Markus, I think that, even if BTR-IRV is the method that ultimately decides a state-wide RCV election, it makes sense for precincts to publish pairwise defeat subtotals (the defeat matrix, but I have to say that I think that the presentation format as a matrix is kinda dumb, even if that's the practice I see in voting methods lit).  If N is the number of candidates that's N(N-1) tallies to publish.  Now, already with RCV elections, we publish the tallies of first-choice votes.  So if you publish both, then the number of tallies reported at each precinct is N(N-1)+N = N^2.  Five candidates, that's 25 numbers.  If it's Hare RCV, it would have to be 205 numbers, clearly impractical to be printed, posted, and summed.

Now, in the U.S., we have had something more than 500 RCV elections that have been analyzed by FairVote and others, and of those elections, all but three have elected the Condorcet winner.  Two of the three RCV elections had a Condorcet winner and Hare failed to elect that candidate.  One of the three (2021 Minneapolis Ward 2) had no Condorcet winner.  So for 99.8% of the time, there is a CW and it doesn't matter what Condorcet method we use, these N(N-1) tallies suffice to tell us who wins.  Perhaps, for the 0.2% of the time there is no CW, we will be forced to learn of the outcome of the election from the seat of government because summing the pairwise defeat values will show there is a cycle.
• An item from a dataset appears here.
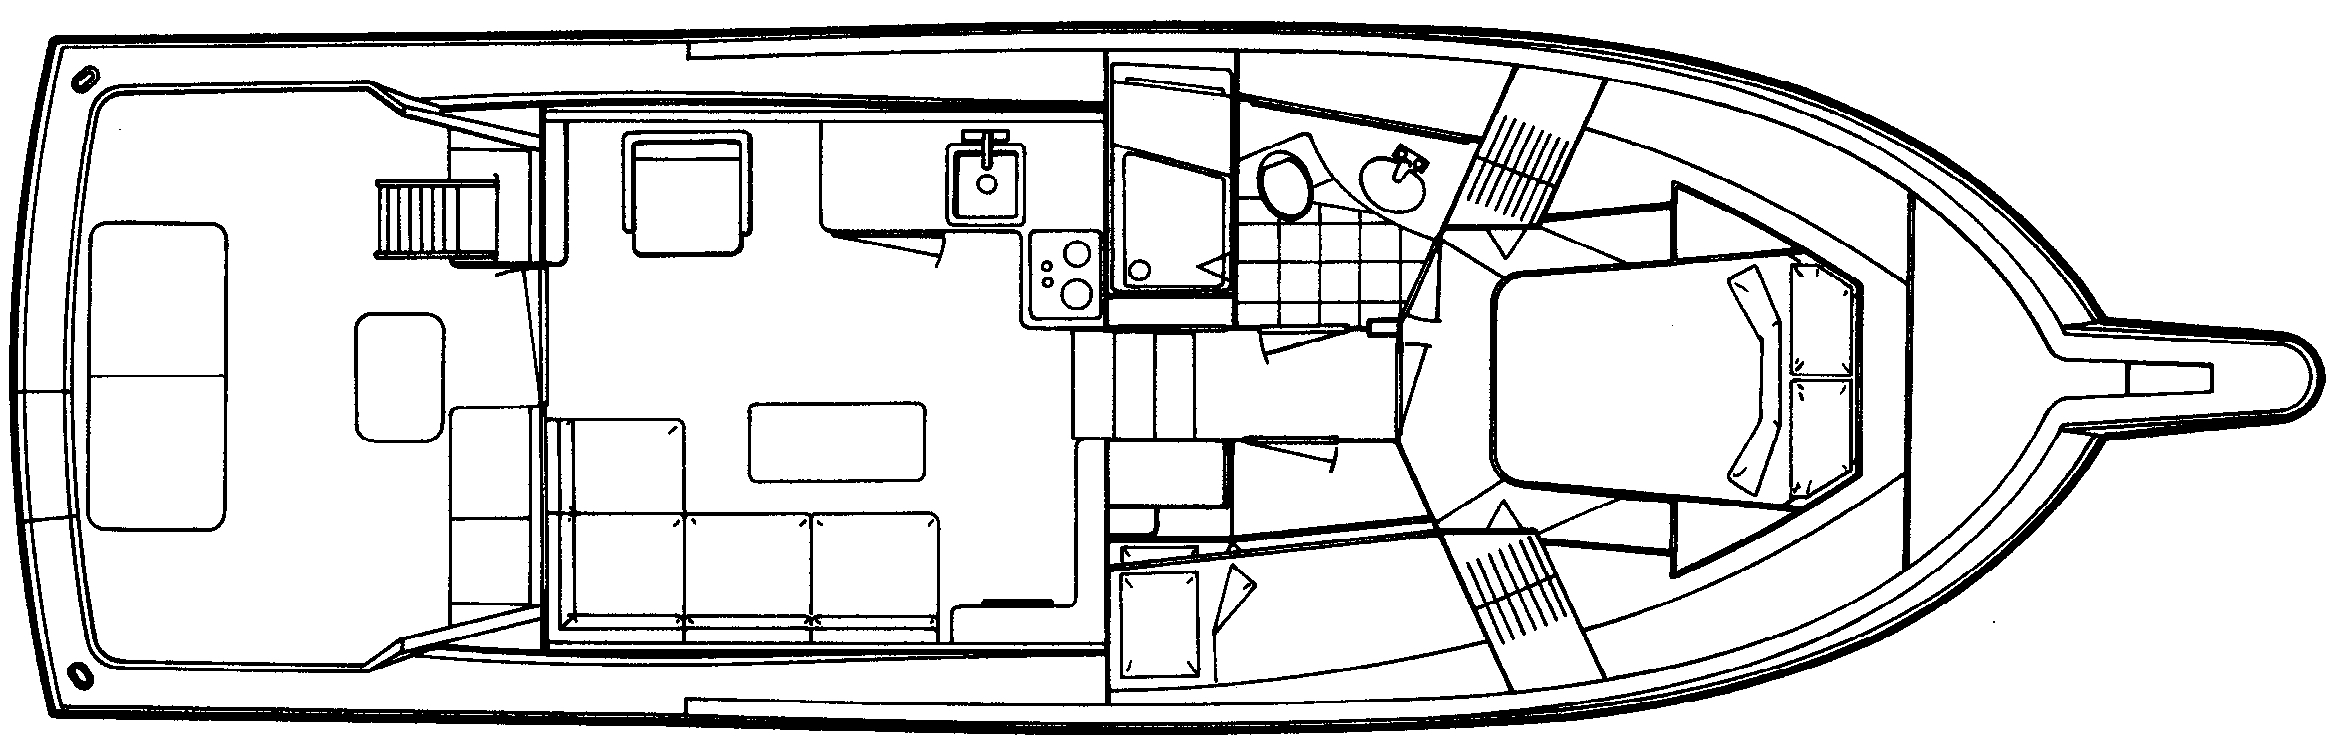 38 Convertible Floor Plan 1
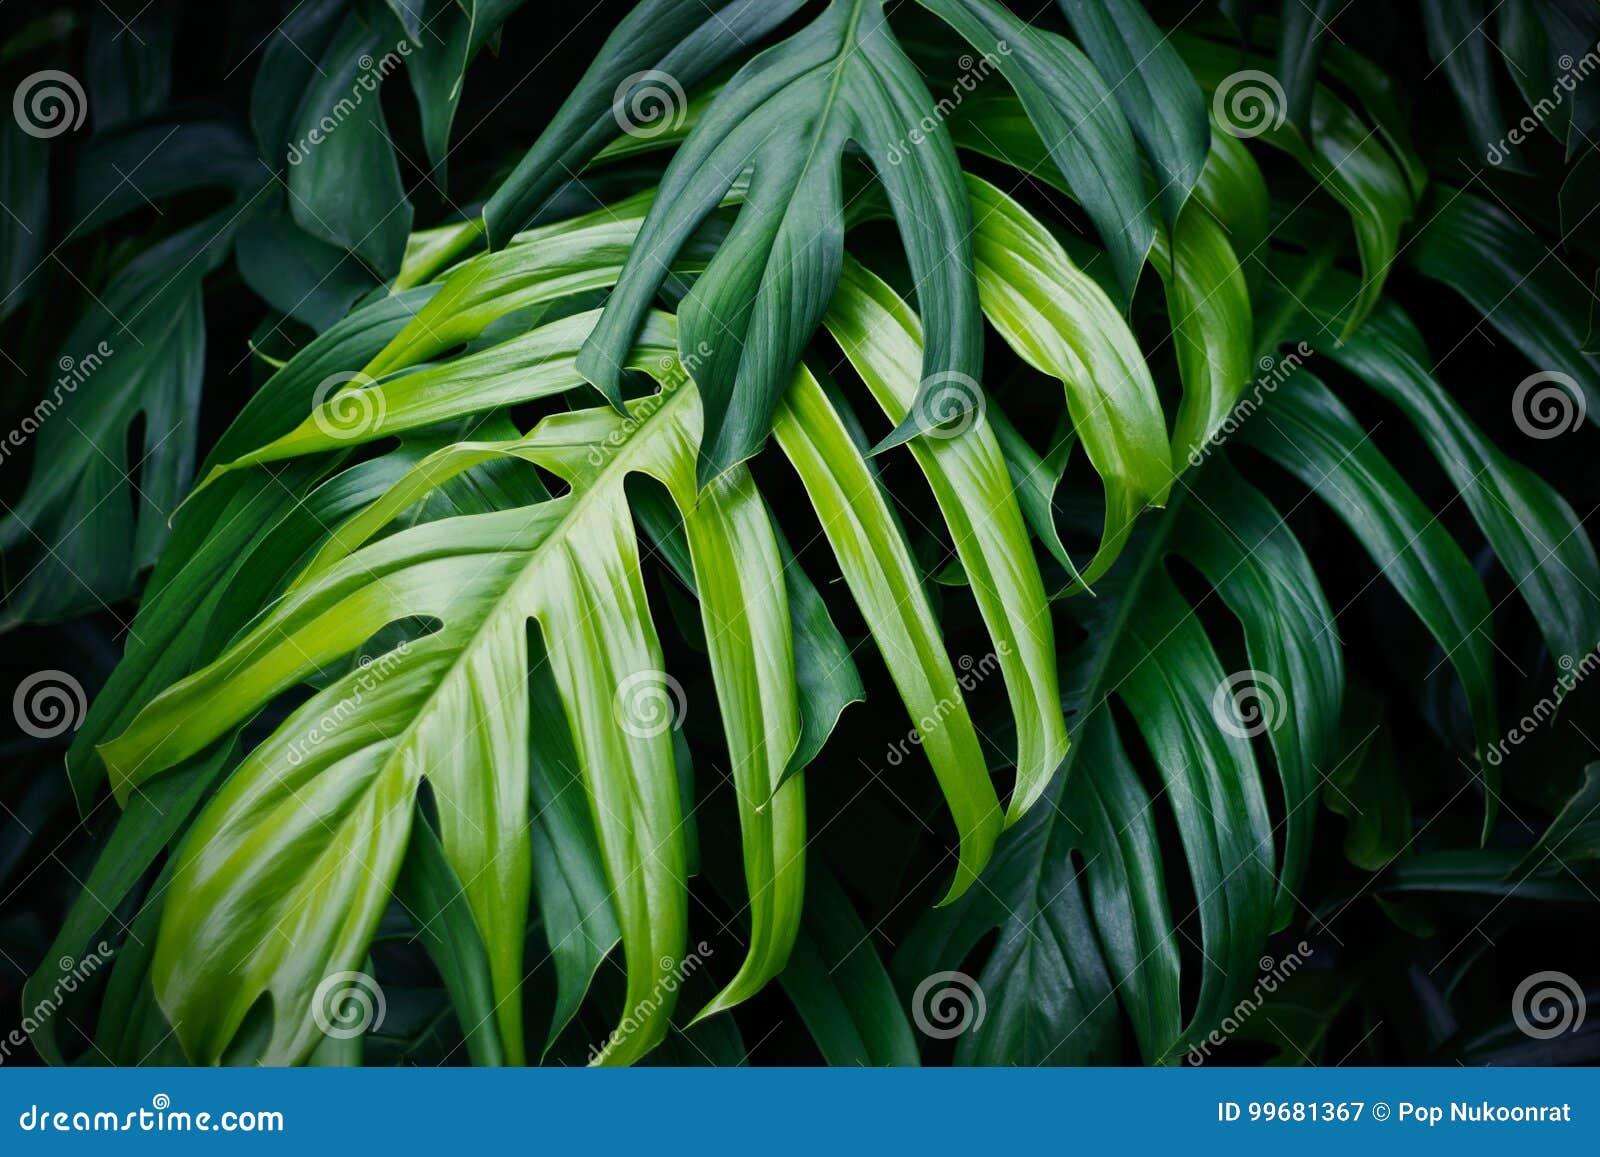 Hojas verdes tropicales, planta del bosque del verano de la naturaleza

But both Hare IRV and BTR elect someone whether there is a CW or not.  Now, suppose the Smith set is 3 candidates.  Rock-Paper-Scissors.  And let's say that the semifinal round has these 3 candidates.  Without loss of generality, let's label "Rock" as the candidate with the most votes in the semifinal round.

The order of candidate votes (not pairwise defeat) could be either Rock>Paper>Scissors or Rock>Scissors>Paper.  With Hare RCV, in the first case Paper wins and in the second case Rock wins.  But with BTR, Paper and Scissors have their runoff, Scissors wins, advances to the final round, and gets defeated by Rock.

So, for that 0.2% of elections that have a cycle, how often do you think that the cycle will be any more complex than Rock-Paper-Scissors?  With BTR-IRV, we know that the result will be the same as Condorcet-Plurality even *more* often than the 99.8%  Only in the super-rare case that there is a cycle and it's nastier than a Smith triplet will those N^2 tallies published at the precincts be insufficient to tell us who won the election.

If the election has a CW and the CW is elected, then if any loser is removed, the winner remains the same.  Then there is no spoiler and precinct subtotals suffice to tell us who wins on election night.  If there is no CW, this will happen only rarely (ca. 0.2%), and if it's Condorcet-plurality, the N^2 tallies still suffice to tell us who wins on election night.  If there is no CW and it's BTR-IRV, the N^2 tallies suffice to tell us who wins on election night if the Smith set is 3 candidates.  In the super-rare case that there is a Smith set bigger than 3, then we have to go to the seat of government and learn the outcome of the election in (given the track record of Alaska, Maine, or NYC) about 2 weeks and we do not have the redundant double-checking of the outcome that Precinct Summability would otherwise afford.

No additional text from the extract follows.